Poseidon – modelling the sustainable and responsible approach to the future of fishing Poseidon is an agent-based fishing model, created by The University of Oxford – School of Geography and the Environment in partnership with the charity Ocean Conservancy and Arizona State University. The model is designed to assist fishery managers and policy decision-makers understand trade-offs and identify sustainable fisheries management solutions.
The existing model needed an appealing visualization to ensure that the model outputs would be accessible and engaging for potential consumers of the research. The remit for Phase 1 of the project focused on the delivery of a visualization interface to generate interest, enthusiasm and support for the wider roll-out of the model. Oxford Computer Consultants applied our considerable user experience and UI design skills coupled with the latest web-technologies to create an engaging user interface suitable for use as a demo product at a fisheries conference with key stakeholders in Indonesia, where it was well received.
After gaining further support for the project, OCC started on Phase 2 of development which they have recently completed.. The remit of Phase 2 was to extend the user interface to expand the range of fisheries that could be visualized and develop new option to explore spatial fishing patterns. OCC implemented new methods of data visualisations such as heatmaps of fish biomass, and fishing activity to enable decision-makers to quickly explore patterns in one visually and technically appealing interface.
The OCC design approach always puts the user experience first. So we conducted user-research for Phase 1, working closely with the client (acting as product owner) at all times to guide our collaborative design decisions. We also researched the most appropriate mapping libraries and technologies we could deploy for this project.
OCC joined with the School of Geography and the Environment’s team of software developers who were working on Poseidon. OCC designed a new data structure for the model output, which was more scalable, human readable and maintainable – migrating from CSV files to JSON format.
As outlined, the remit of Phase 1 was to deliver a demonstrator iteration of the model which was developed in four weeks, so speed of delivery was vital to the success of the projectOCC worked in an agile manner, collaboratively with the School’s developer team and the product owner – the Poseidon Project Director at Ocean Conservancy. OCC operated in short one-week development cycles using tools such as Trello to track development features and project progress. Scheduled weekly calls were instrumental in refining these.Phase 2 operated in a similar way, but in this case we migrated to GitHub at the request of our client and our project team to track features for the project deliverables.
OCC Project Features
REACT proved to be a crucial choice as we used it to develop the overall frontend UI. We also made use of a third-party charting library (also in REACT), for chart creation. The charts are easily configurable on the fly; modifying to suit the user’s needs. The charts are synched to the simulation as it runs on the map by way of a moving vertical line that sweeps across the time axis.
Phase 1 UI deliverables include the capability of displaying simple chart types with configurable chart series (datasets). A fully interactive global map is shown with both scrolling and zooming functionality available. The map exhibits a running simulation of different vessel types (these can be fully selected and configured) on their fishing journeys over several years. The map can also show banned fishing zones.
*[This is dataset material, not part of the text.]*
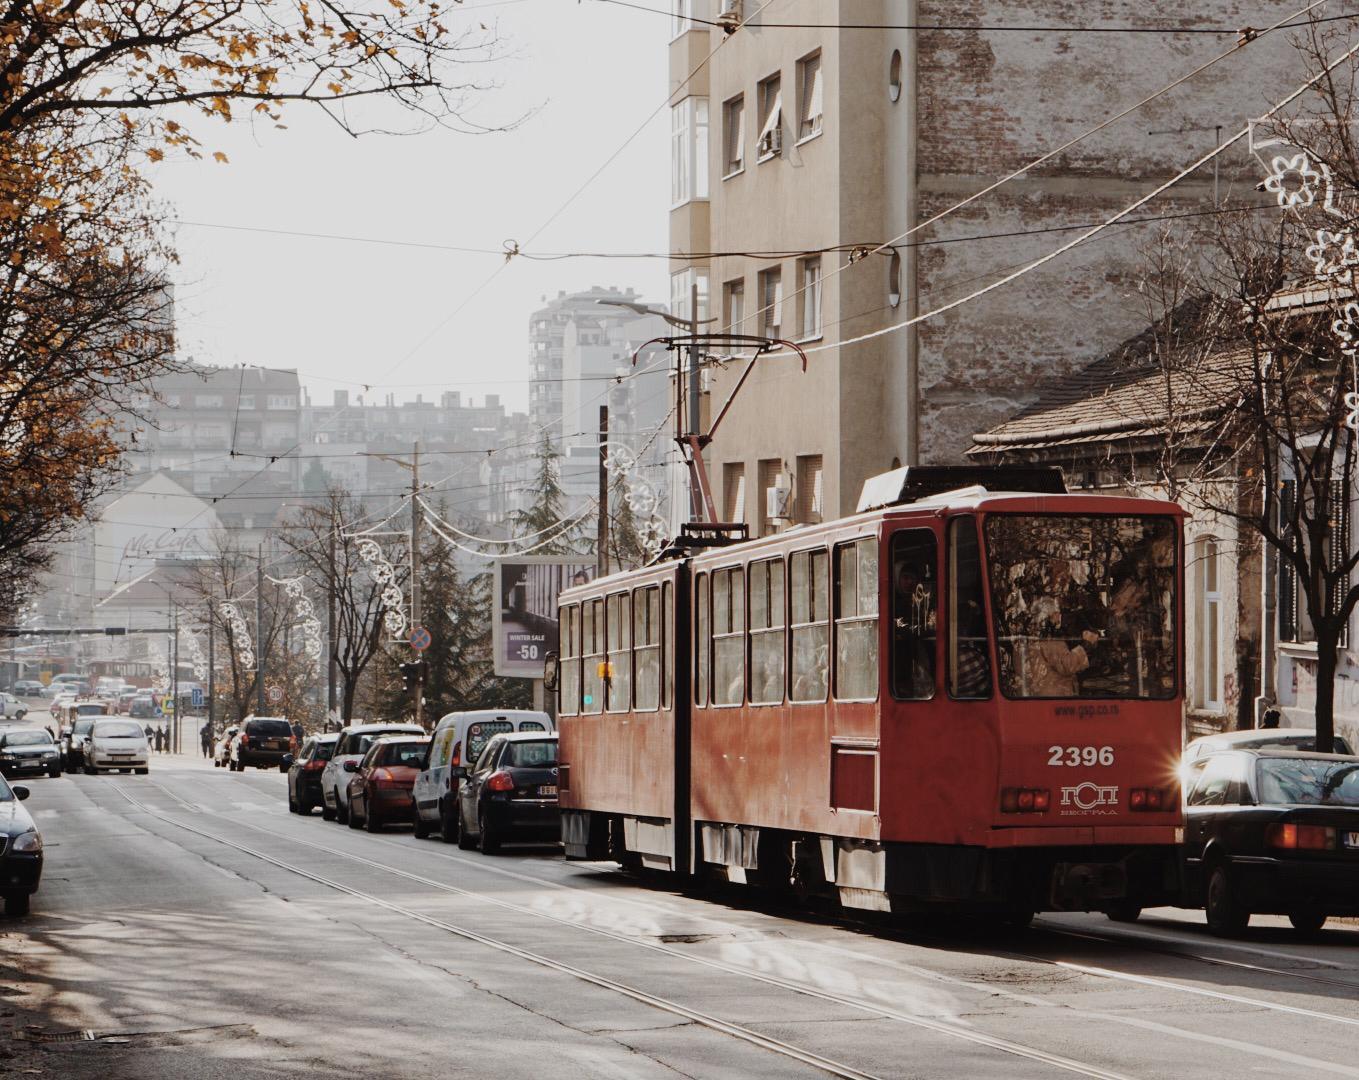 belgrad - yılbaşına girilecek en güzel yerler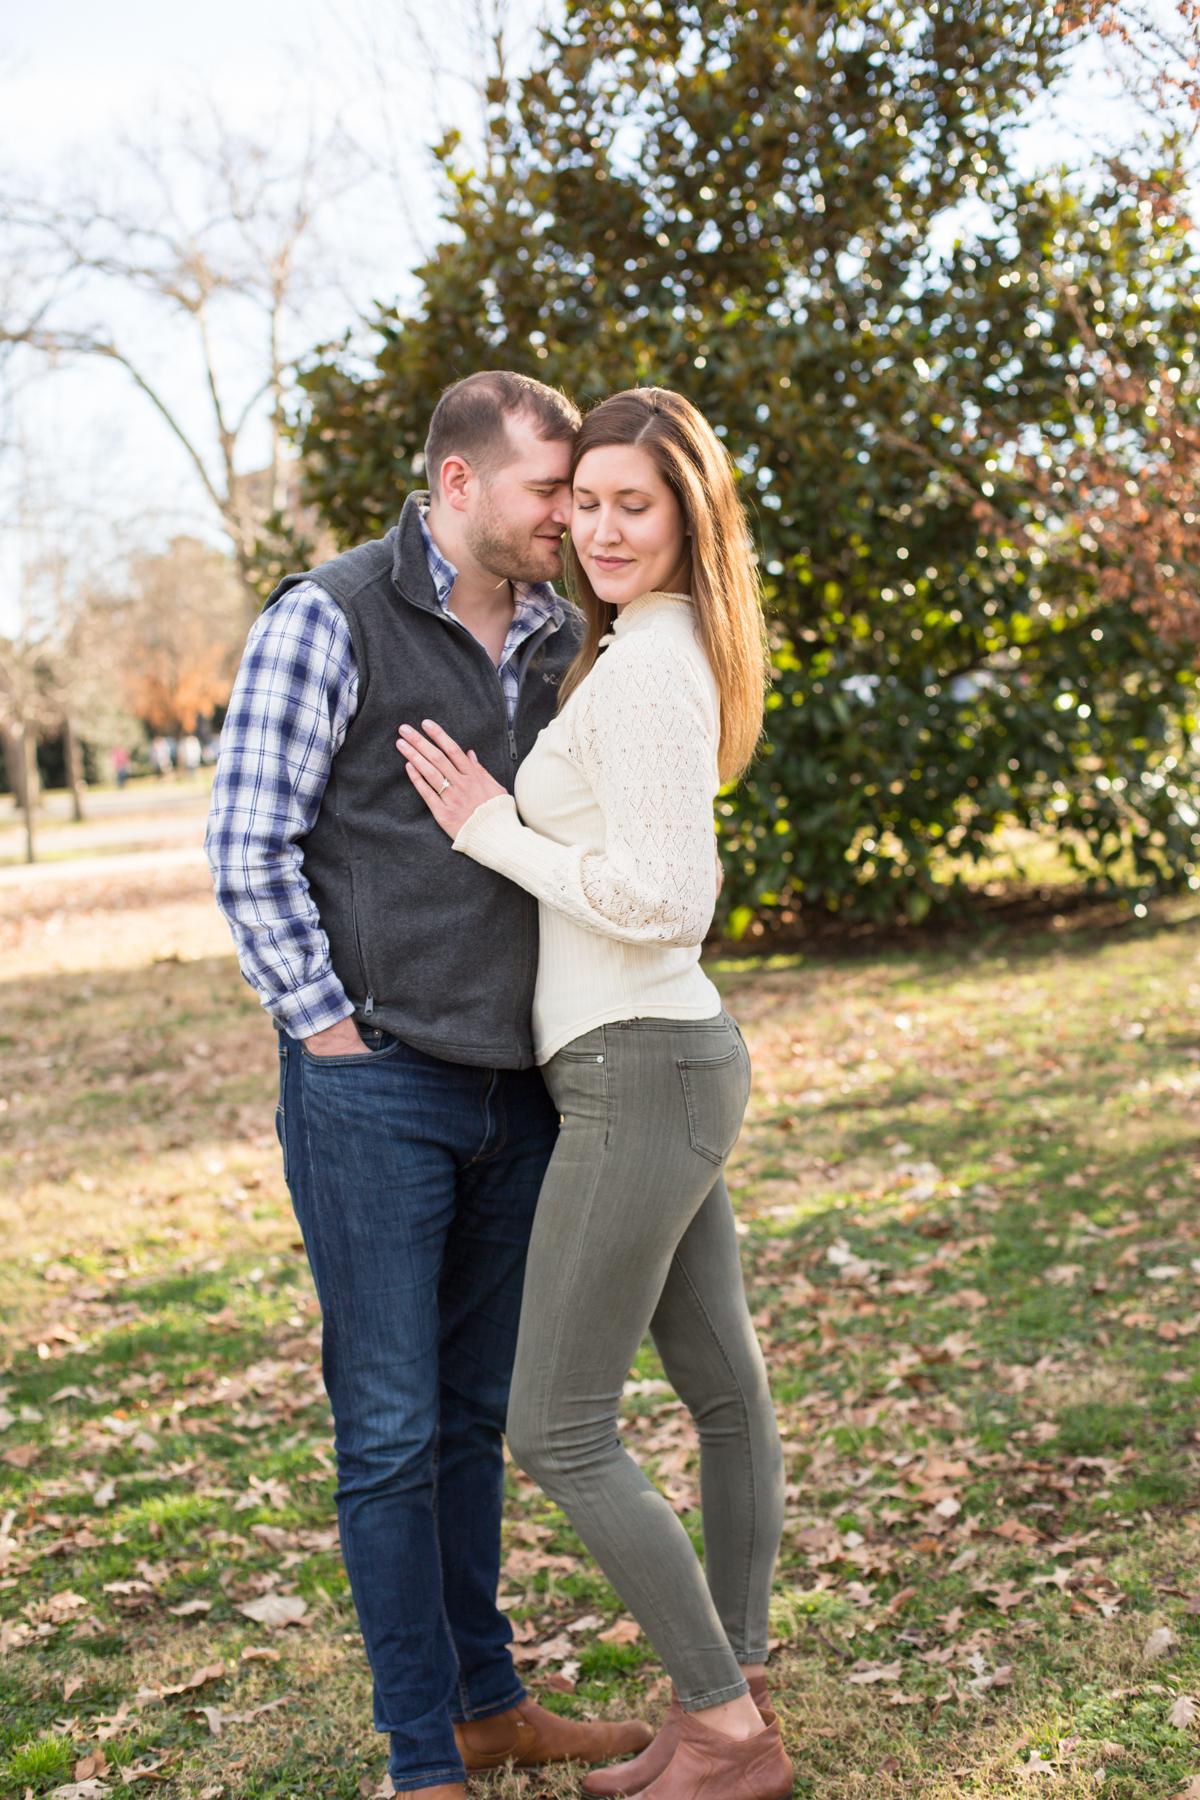 Lauren-and-Grant-Engagement-Centennial-Park-Nashville-Sneak-Peak-0015.jpg

Phase 1 UI was a locally hosted web app, stored on a user’s laptop, running in a browser.
Phase 2 sees the web app migrating to The University of Oxford servers so that it can be accessed remotely via the internet on a global basis. In order to expand the applicability of the tool and deliver the insights most useful for decisionmakers, Phase 2 included the addition of Fish Aggregation Devices (FADs), floating objects used to attract tuna; this posed a unique challenge as the web app needed to display almost 10,000 FADs floating individually on currents. Phase 2 also delivered a number of features designed to help users better interpret simulation results, including spatial heatmaps presenting aggregated fishing activity and fish biomass data, markers to display milestones along the simulation timeline, and controls to alter the speed of the simulation. These additions allow users to see trends and results from different fishing policies. Additional features can be fully customisable by being toggled on or off by the user.
As a team we faced challenges with Mapbox regarding improving levels of GPU performance. We are using Mapbox in a non-standard way, utilising it as part of an animation of an agent-based model interfacing with considerably sized datasets. The UI design comprises multiple types of visual datapoints numbering in the 10,000s, constantly moving, updating and being interpolated. OCC created custom canvas layers, with vessels and FADs drawn separately, which sit between standard Mapbox layers to ensure the optimal operation of the animation. This custom canvas layer can be toggled on/off to assist users if they experience challenging levels of GPU performance when using the tool.